§ **PROBLEM TO SOLVE**:
Repeat the listing exactly, minus the pictures.

§ **RECORDED INFORMATION**:
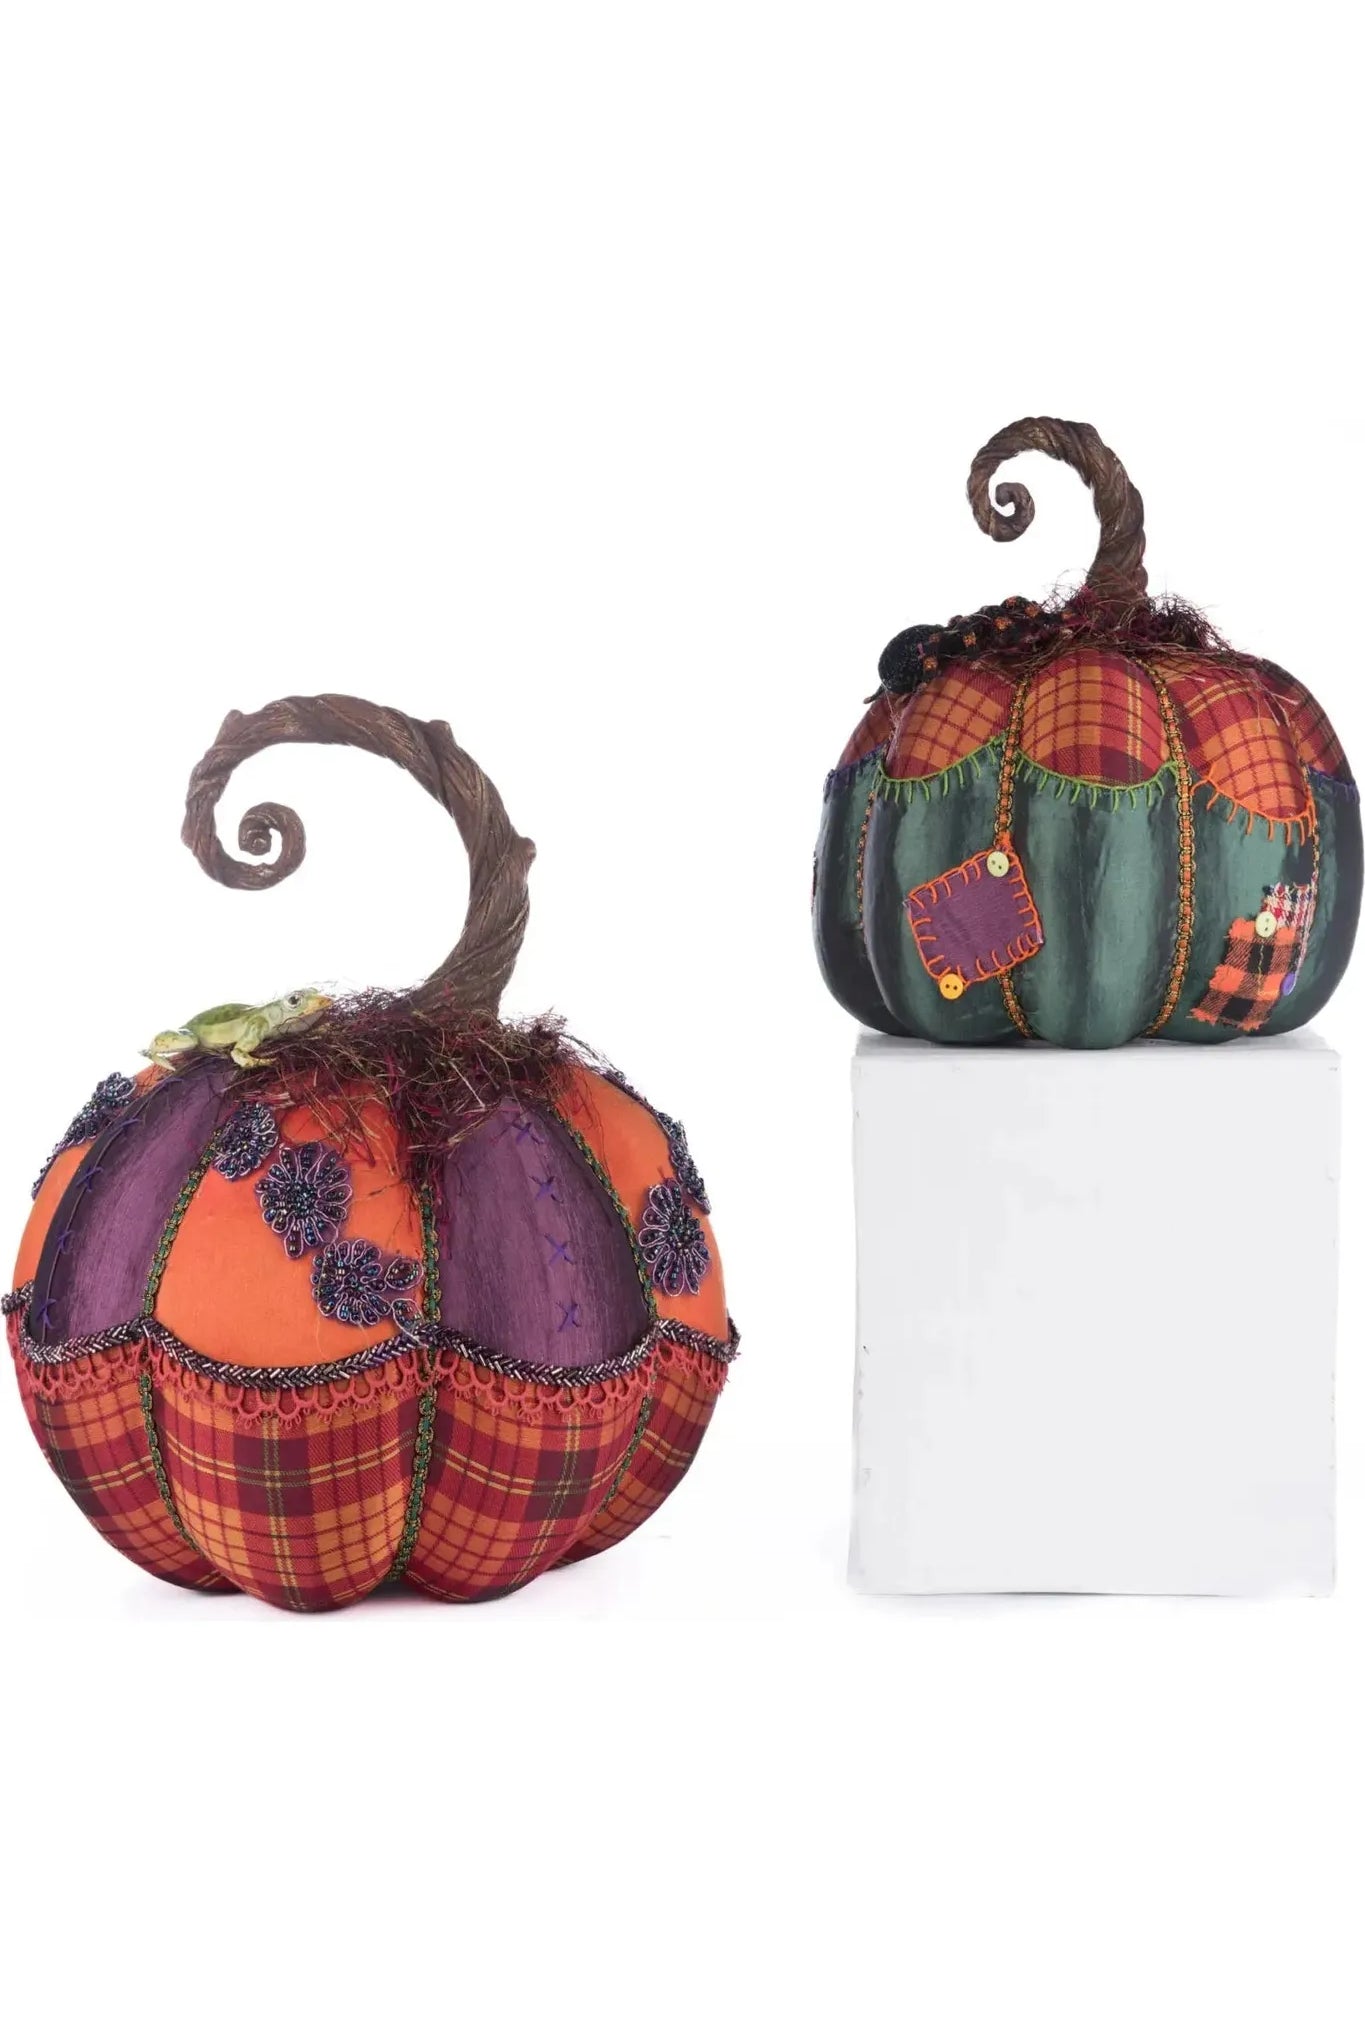 Broomstick Acres Pumpkins Set Of 2 - Michelle's aDOORable Creations - Halloween Decor
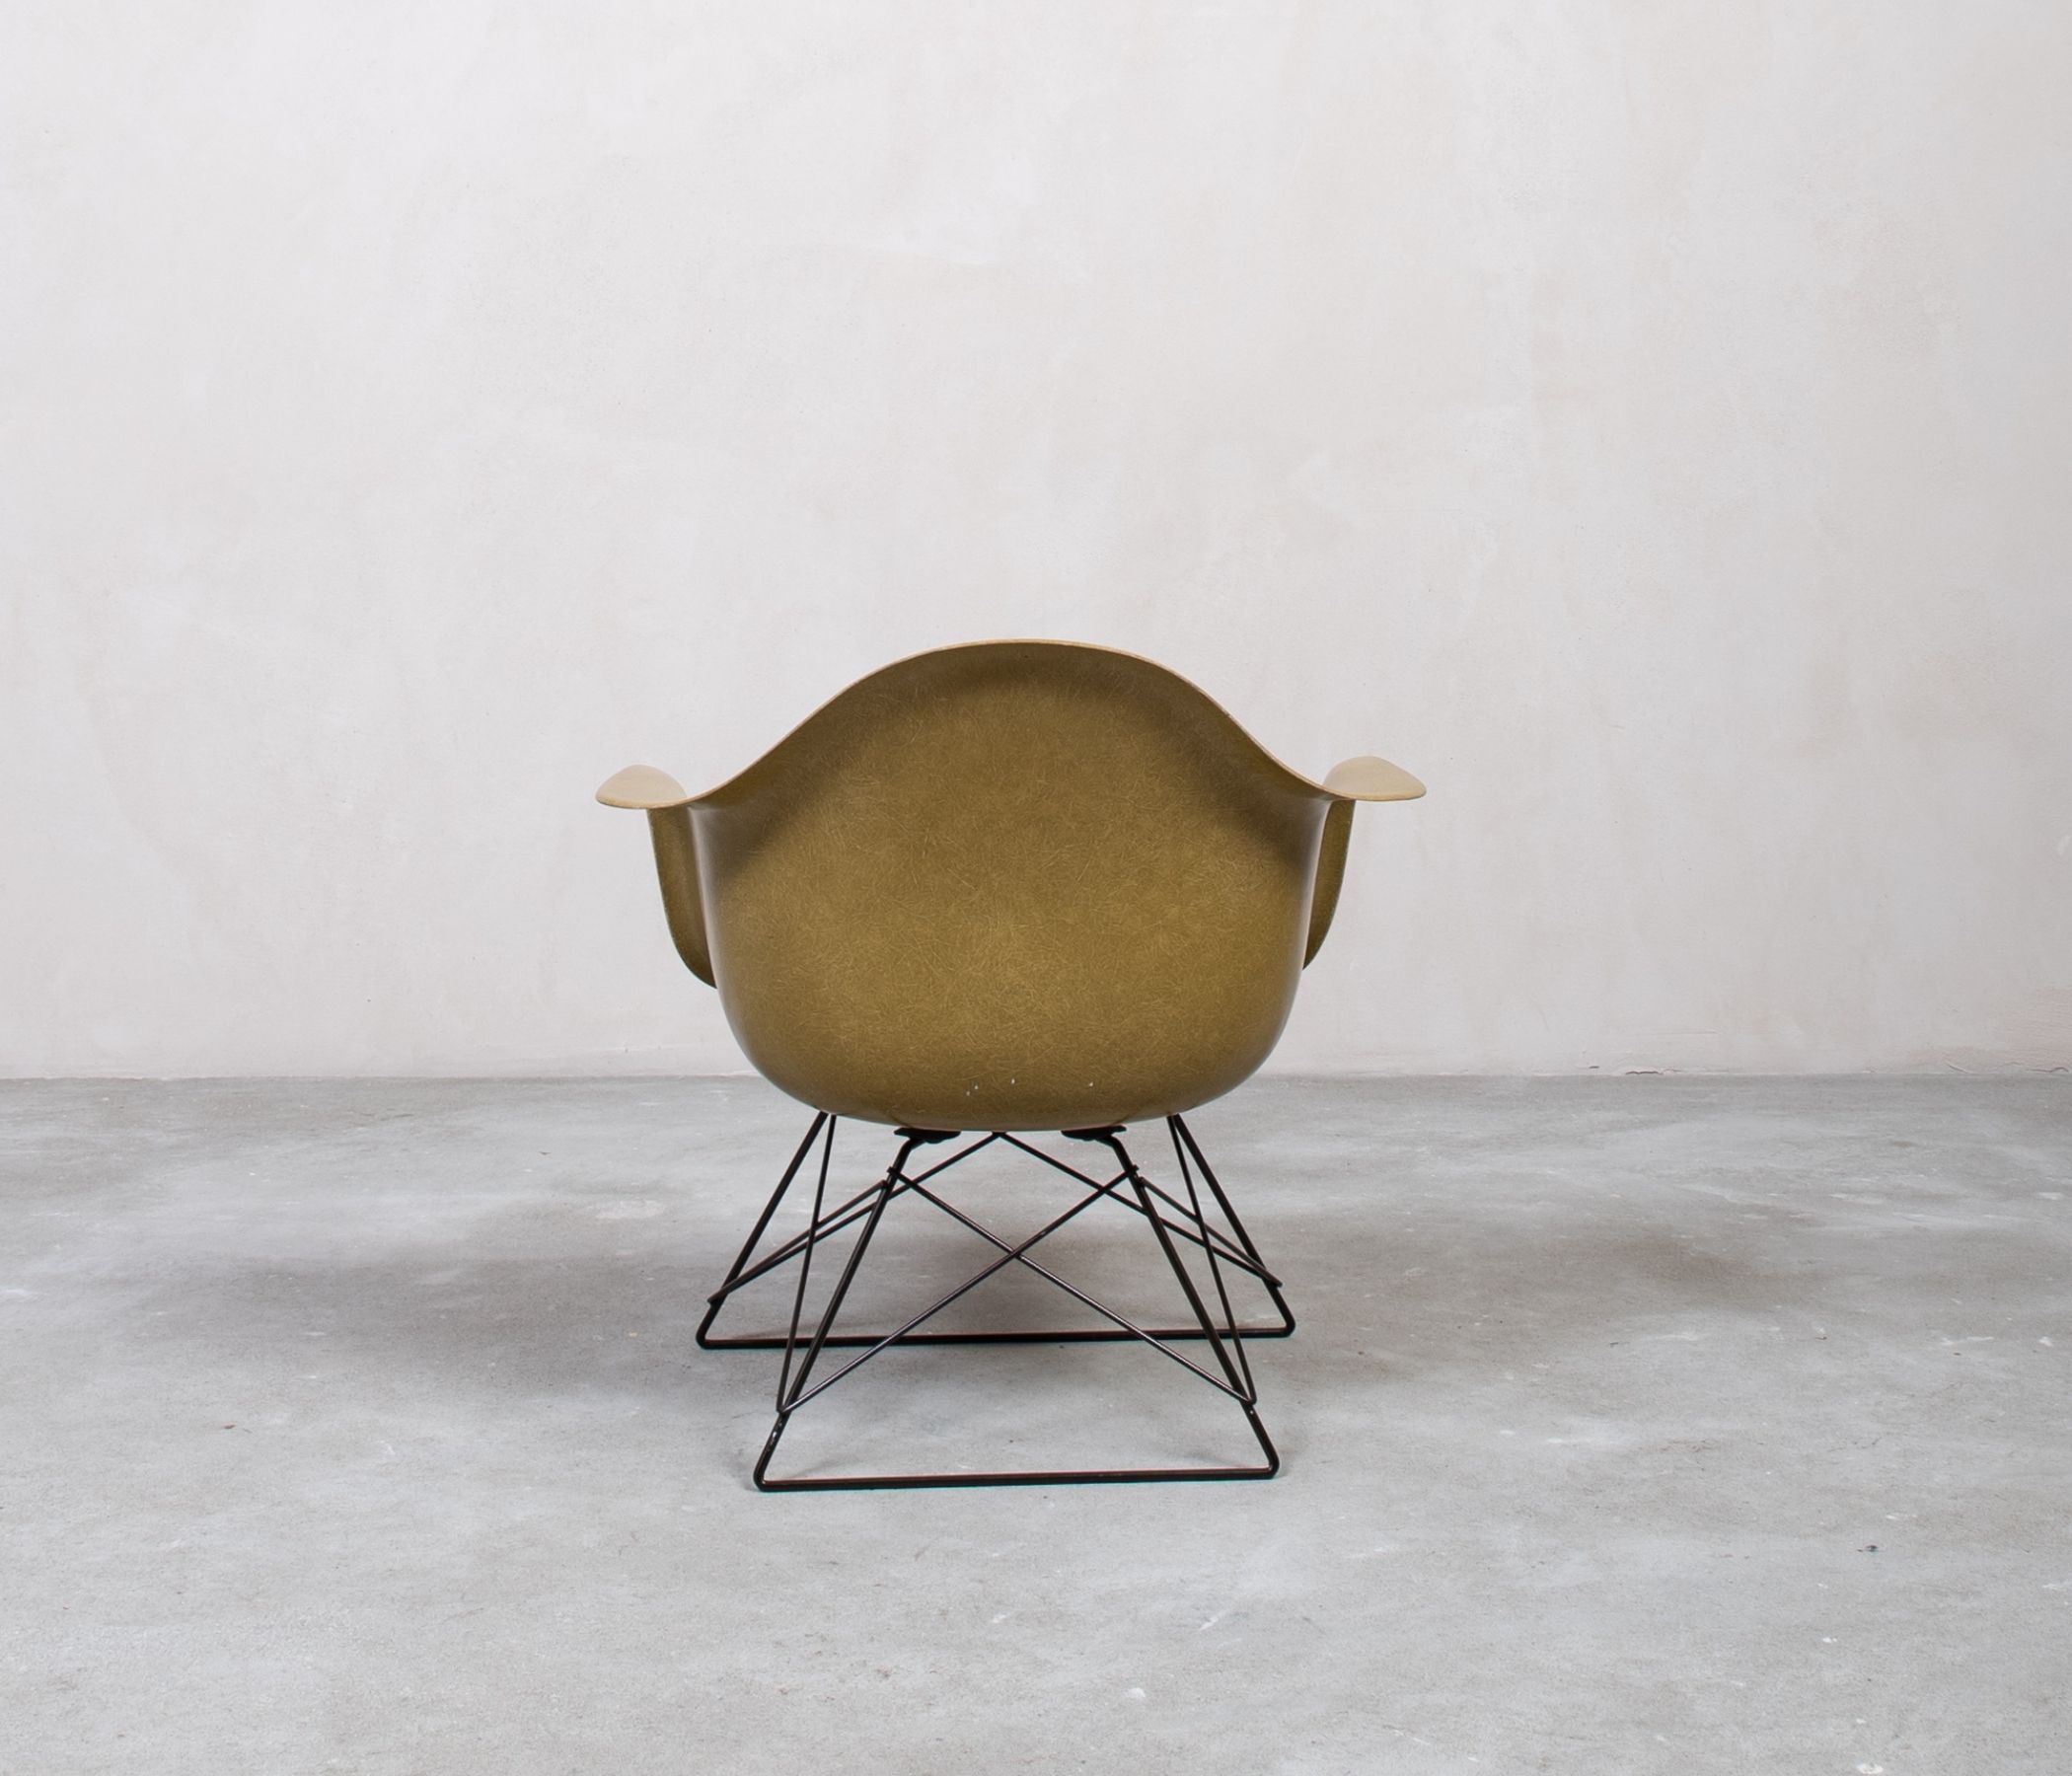 Eames Fiberglass LAR Chair by Herman Miller Khaki
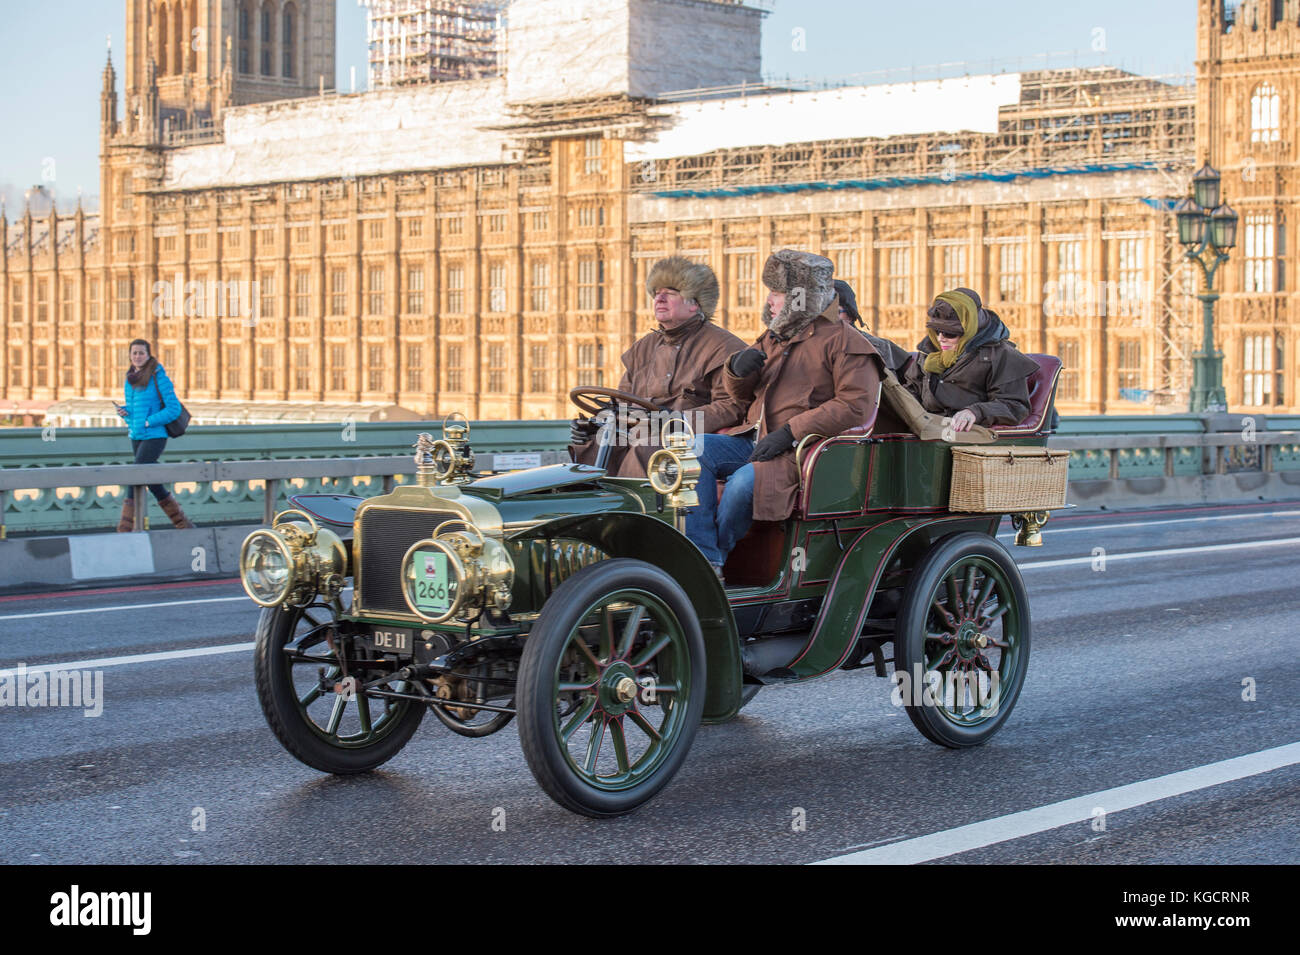 5 novembre 2017. Bonhams de Londres à Brighton, la course automobile de vétéran, la plus longue course automobile au monde, 1903 Darracq sur le pont de Westminster. Banque D'Images

§ **REPLY TO THE EXERCISE**:
 Broomstick Acres Pumpkins Set Of 2 - Michelle's aDOORable Creations - Halloween Decor
 Eames Fiberglass LAR Chair by Herman Miller Khaki
 5 novembre 2017. Bonhams de Londres à Brighton, la course automobile de vétéran, la plus longue course automobile au monde, 1903 Darracq sur le pont de Westminster. Banque D'Images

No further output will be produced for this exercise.